Chris heard him out, everything he had to say, while they drove back toward town. About an injury that Rudy had suffered as a kid, bad enough that it might still show up in a forensic exam, if someone knew to look for it. Also about a phone Rudy’s sister had kept full of mysterious phone numbers and one not so mysterious at all, possibly Duane Dupree’s. Chris thought there was even more the boy wasn’t telling him, didn’t feel yet he could tell him, but he’d heard enough.

“What do you think? Will you help?” Caleb asked, and Chris said he didn’t know, needed time to think. Not much different from what he’d told Garrison. He planned to drop Caleb about a mile short of his truck. Caleb knew a place and guided him there, behind the Dollar General store. After they stopped, Caleb held on to the door handle like he was holding on for dear life, and maybe he was. “Thanks for listening and not shooting me back there at school.” Caleb had
seen the gun after all. “After this thing with Rudy Ray is over, I hope you’ll help me.”

“With what?” Chris asked.

“Finding my mom. She didn’t leave Murfee any more than Amé’s brother did. She’s still here somewhere.”
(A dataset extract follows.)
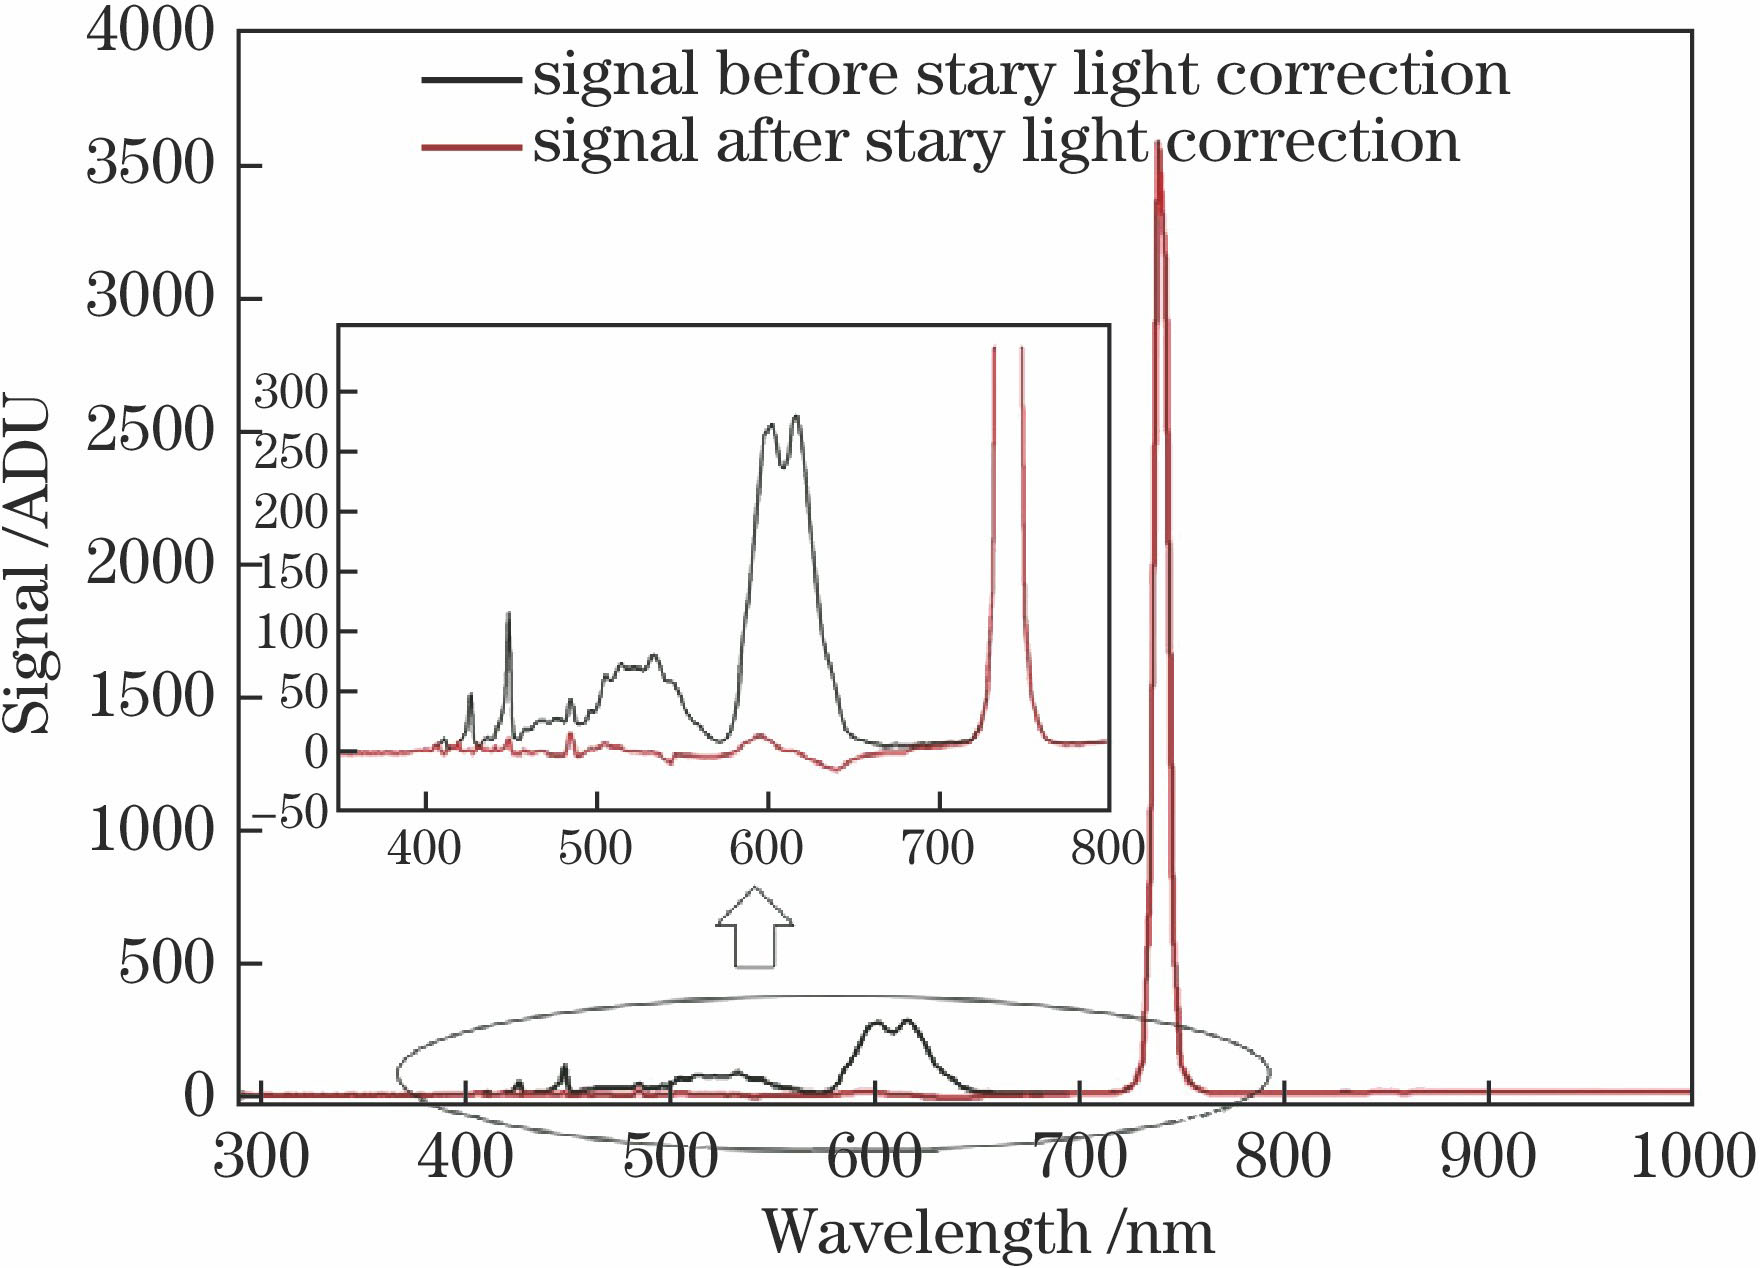 Response curve of 740 nm monochromatic light before and after stray light correction
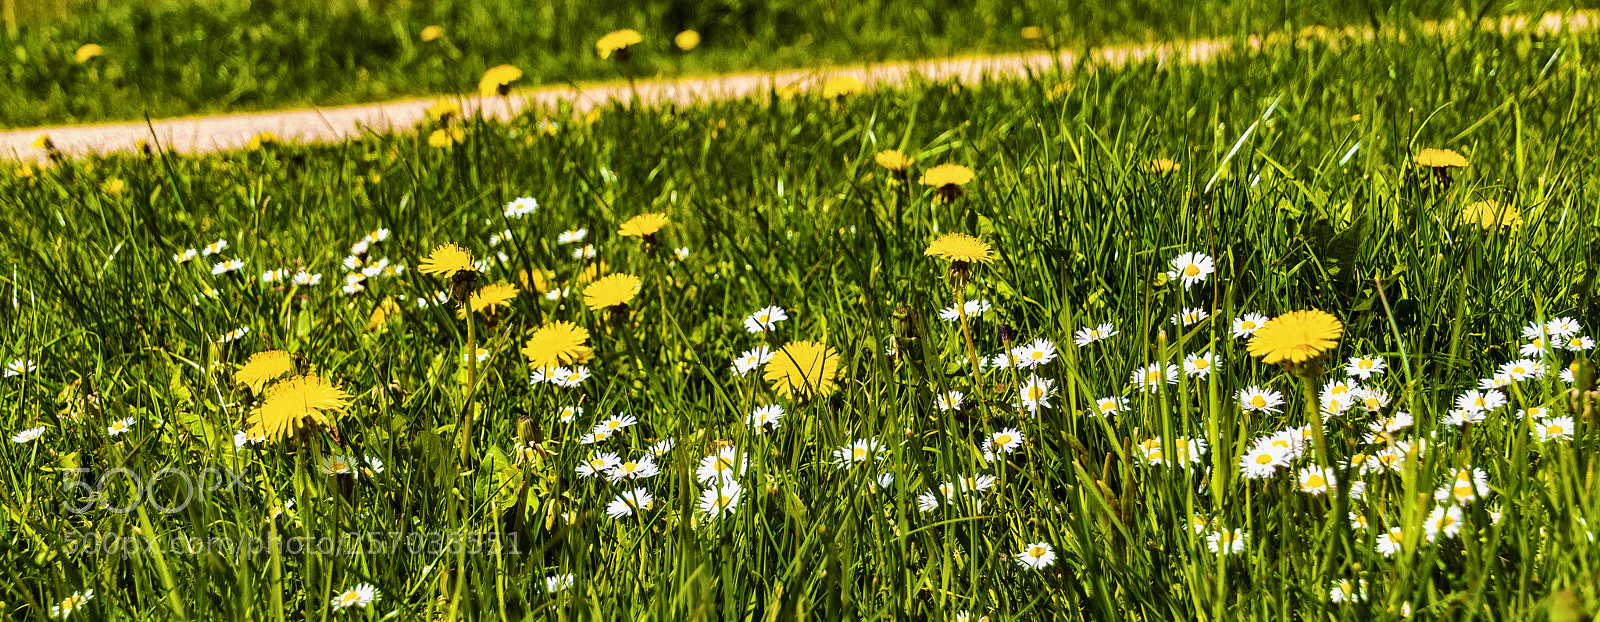 Sony ILCA-77M2 sample photo. Meadow with dandelions and photography

Chris raised his hands. “Caleb, I . . .”

Caleb stopped him. “Look, I know you don’t believe me, not yet, but when you prove it was Rudy Ray at Indian Bluffs, you will.” Caleb got out and stood beside the truck, alone in the dark, lost in it. “You know that place in Artesia where my father took Ms. Hart? He took my mom there too, all the time, and his second wife, Nellie, because I’ve heard him say it. Hell, probably Vickie as well. It’s been there forever, just like him. They’ve all gone there, and now they’re all gone.”

“Jesus, Caleb, you don’t really believe your father killed your mother, do you?

Caleb worked hard at the words, as if he had never practiced them, never really imagined saying them out loud to another person. “I
know
he killed her.”

Before Chris could say anything else, his phone rang. He checked it, glanced at Caleb, who didn’t miss his look.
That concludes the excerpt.